To win over the undecided, the Adams administration promised to increase spending $5 billion on infrastructure and on funding housing agencies, $1 billion of which Gov. Kathy Hochul newly pledged to include in the next state budget.
Political Victory
Given how much the mayor has been weakened by the scandals engulfing his administration, the deal constitutes a major political victory.
The reduction in the expected impact comes as a result of the weakened provisions on parking and ADUs. The elimination of parking mandates could have produced about 50,000 new homes, the Regional Plan Association estimated. ADUs could have resulted in 40,000 new units, according to the environmental impact study conducted by the Department of City Planning.
While complete details have yet to be released, the compromise splits the city into three areas. Parking requirements are eliminated in most of Manhattan, Brooklyn and parts of Queens. A second zone would cut the number of required parking units by three-quarters.
While the third zone maintains the current parking requirements, it eliminates them for ADUs, transit oriented districts and town centers as long as new construction contains fewer than 75 units.
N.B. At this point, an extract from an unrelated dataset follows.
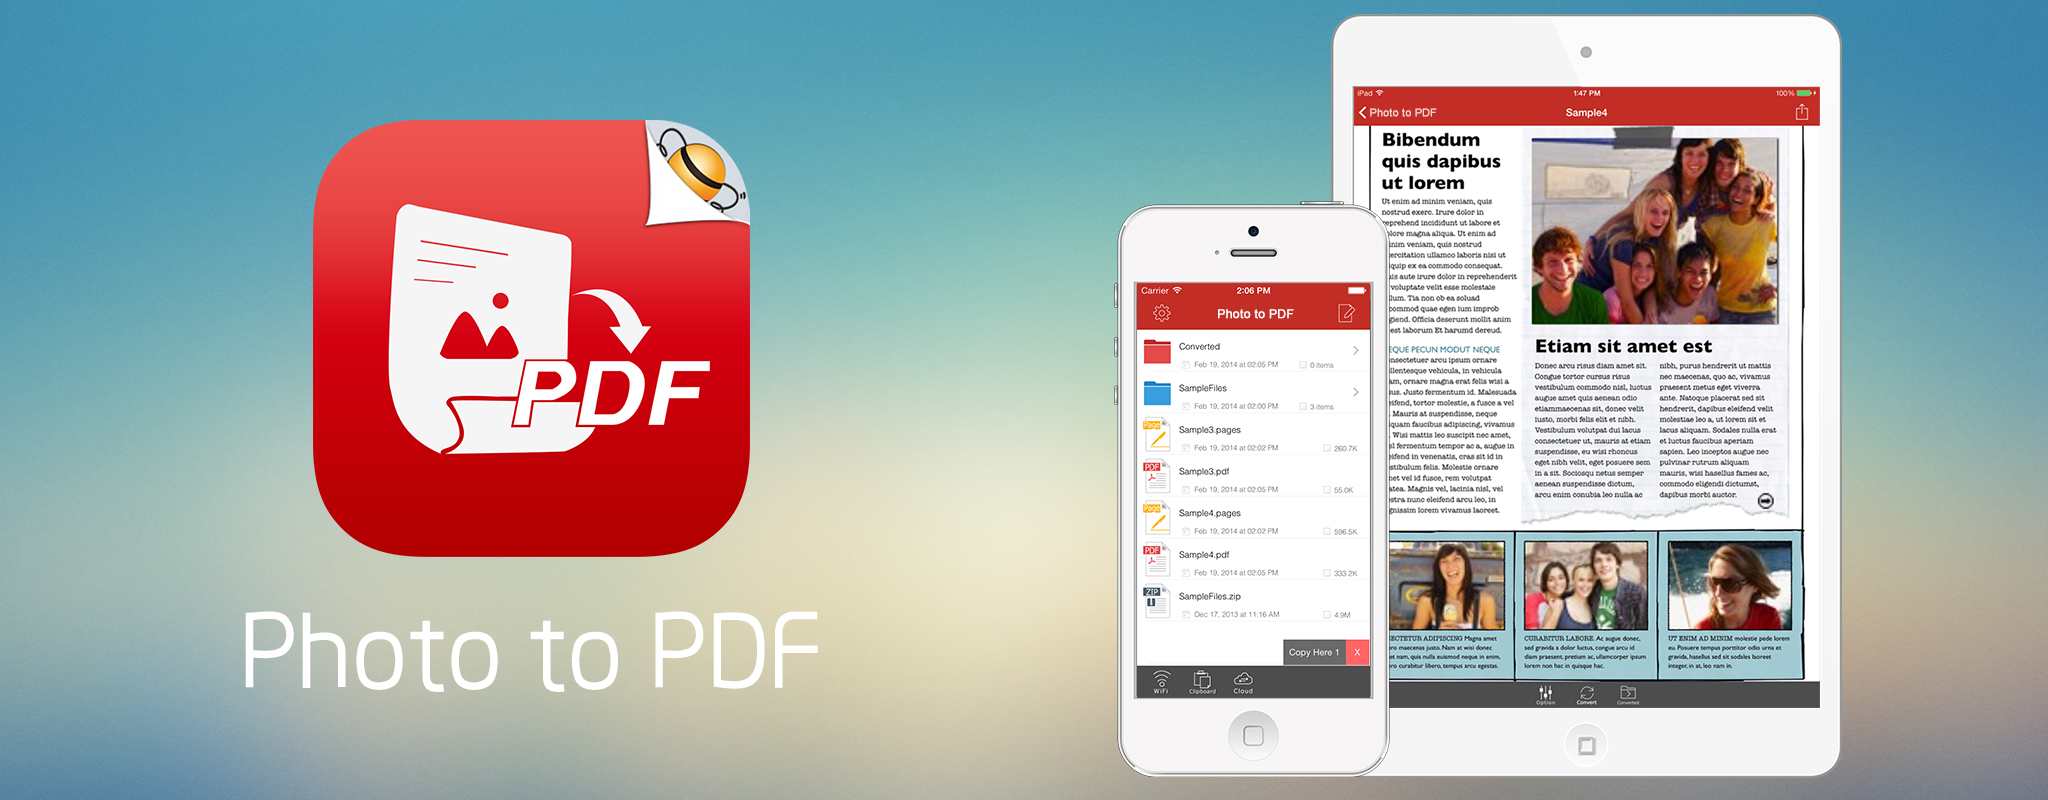 How to import photos to Photo to PDF app？
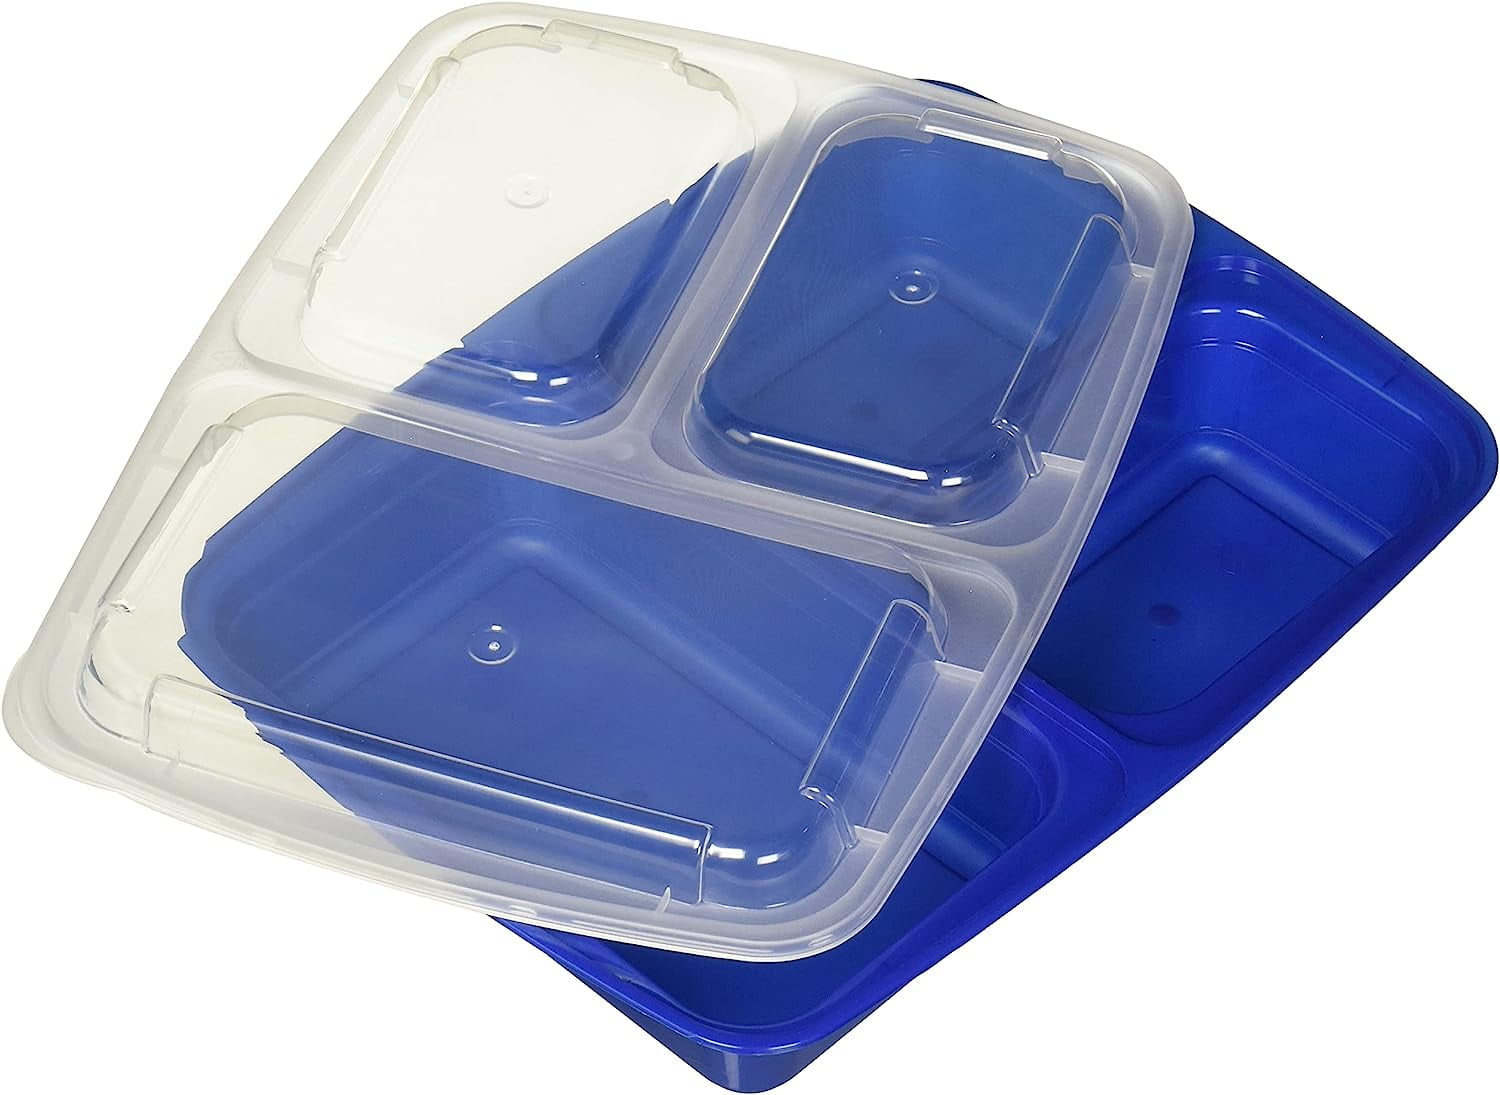 Blue Stylish 10-Pack Navy Blue 3-Compartment Meal-Prep Containers with Lids  - Microwaveable, BPA-Free, Freezer & Dishwasher Safe - AliExpress

Fee says the exemptions will add an important number of units.
ADUs can only be built on lots that are owner occupied and in the new transit districts, They are prohibited in areas of the city prone to flooding and historic or certain other districts with restrictive zoning. They can only be one story unless they are above parking.
With those changes, ADUs may not be as successful as in California, where they now account for 20% of new homes.
The new transit oriented districts will allow more density within a half mile of transit stations — except that area will be reduced to one-quarter of a mile in Southeast Queens, home of Speaker Adrianne Adams, and the four new Metro-North commuter rail stations being built in The Bronx, a district recently rezoned to promote more housing development.
While housing advocates who had mobilized to support the proposal celebrated what they called a victory, many said the compromises went too far.
Before the vote, mayoral candidates Brad Lander, the city comptroller, State Sen. Zellnor Myrie, and former comptroller Scott Stringer all warned against weakening the proposal. Lander focused on the news that parking mandates would not fully be retracted.
“New York City will never pull out of our housing affordability crisis if we continue to prioritize parking spaces over housing in transit-rich neighborhoods,” he said.
Brooklyn Borough President Antonio Reynoso called the changes to the original proposal “a mistake.”
The Citizens Budget Commission, another major supporter of the original proposal, also said it was disappointed that the changes would reduce housing in the neighborhoods that have produced the least housing. Given the budget gaps the city faces, the CBC said it needed to see the details to comment on whether the increased spending is responsible.
Some real estate experts agreed.
“By potentially restricting accessory dwelling units and town-center zoning, the Council is not just reducing total housing production,” said David J. Rosenberg, a leading land use and zoning attorney with the firm Rosenberg & Estis P.C. “They’re eliminating housing options that could help seniors age in place and young families remain in their communities.”But those who fought hardest for the proposal are claiming victory.
“Today’s vote is, by any measure, a big step forward for addressing New York City’s need for housing,” said Howard Slatkin of the Citizens Housing and Planning Council and previously a longtime staffer at the Department of City Planning. “The modifications do leave room for improvement in the future, but people hoping for changes that significantly expand the ability to add housing in neighborhoods throughout the city should be pleased and heartened at what was approved by committee today.”